I worried about my T100R Daytona early one morning before daylight on a ride, and the lights went out. I patted it on the tank during a ride as it was performing so well, and it simply stopped running. I have since learned to look the other way, leaving the motorcycle to its own resources. Staring at it, as it were, causes it to stare back and freeze, not unlike a once wild but now domesticated beast might.

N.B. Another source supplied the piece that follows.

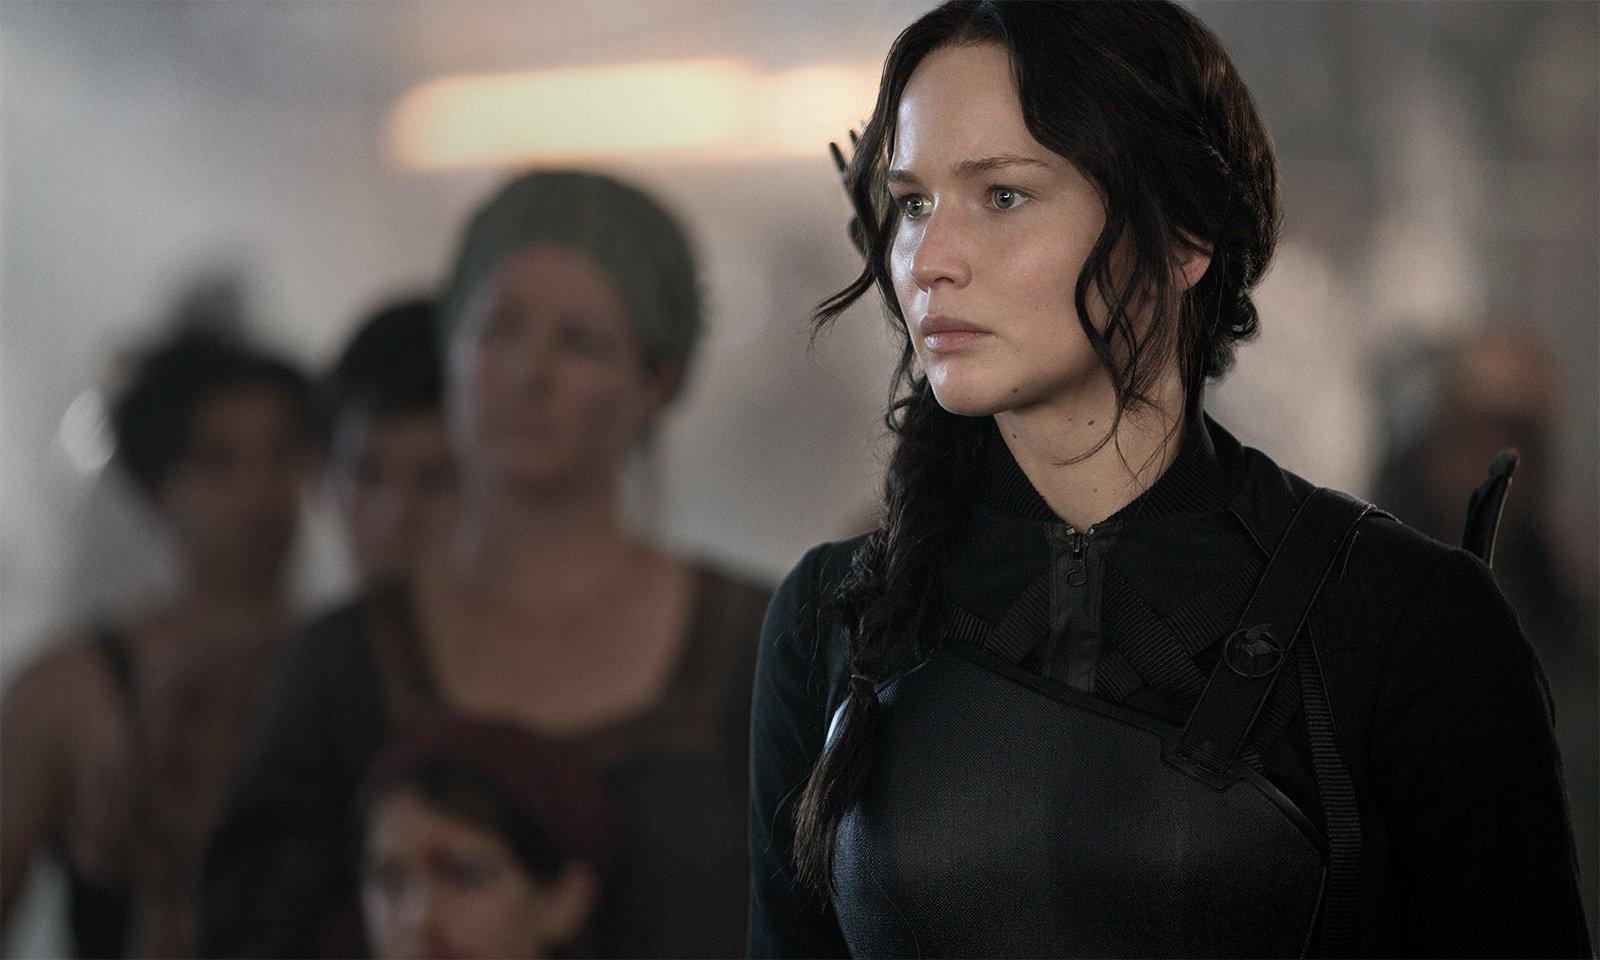 Jennifer-Lawrence-The-Hunger-Games-Mockingjay-Part-1

Married to Harley-Davidson, but with Triumph as mistress... Dr. Martin Jack Rosenblum Historian, Harley-Davidson Archives Milwaukee, Wisconsin

I rode my Triumph, a ’72 T100R, nine months or more out of the year. The Daytona and I would thunder out of the garage, through the main arteries of Toledo, Ohio. Who could catch me? With great throttle response, brakes that stopped on a dime even in the wet, handling that took me out of harm’s way, and the sprit of Eddie Mulder, Gary Nixon, Gene Romero and Brando riding with me, I was simply unstoppable.

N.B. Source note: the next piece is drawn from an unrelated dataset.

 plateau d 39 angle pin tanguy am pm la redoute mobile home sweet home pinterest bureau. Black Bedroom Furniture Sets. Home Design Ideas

An amazing machine, the Triumph. Polished alloy...42-horse engine...high torque and rarin’ to go...a perfect, sparkling, hand-striped finish...a tuck-nroll seat that said “Triumph” across the back for all those Sportster riders to see...

Of course, the Triumph also had a very necessary maintenance schedule, but it sure had its rewards. Norm Perchikoff Defiance, Ohio

After years of riding and fettling Triumphs, I am inclined to wonder if England’s recent “Mad Cow” disease, in fact, hasn’t been around quite a bit longer than previously suspected. Doug Boughton Sand Lake, New York

Peter, go to your local farm supply and buy a decent pair of slip-joint pliers. Don’t get the $1.49 pair-they have a tendency to slip and come apart. Keep these on your bike and you won’t have to crimp electrical connections between roadside rocks. Also, if you grind down one of the handles, you’ve got a pretty decent screwdriver. Alan HoltllUS Auburn, Nebraska

Praising a Britbike is akin to asking a hooker if she’s a virgin: It’s a non-sequitur.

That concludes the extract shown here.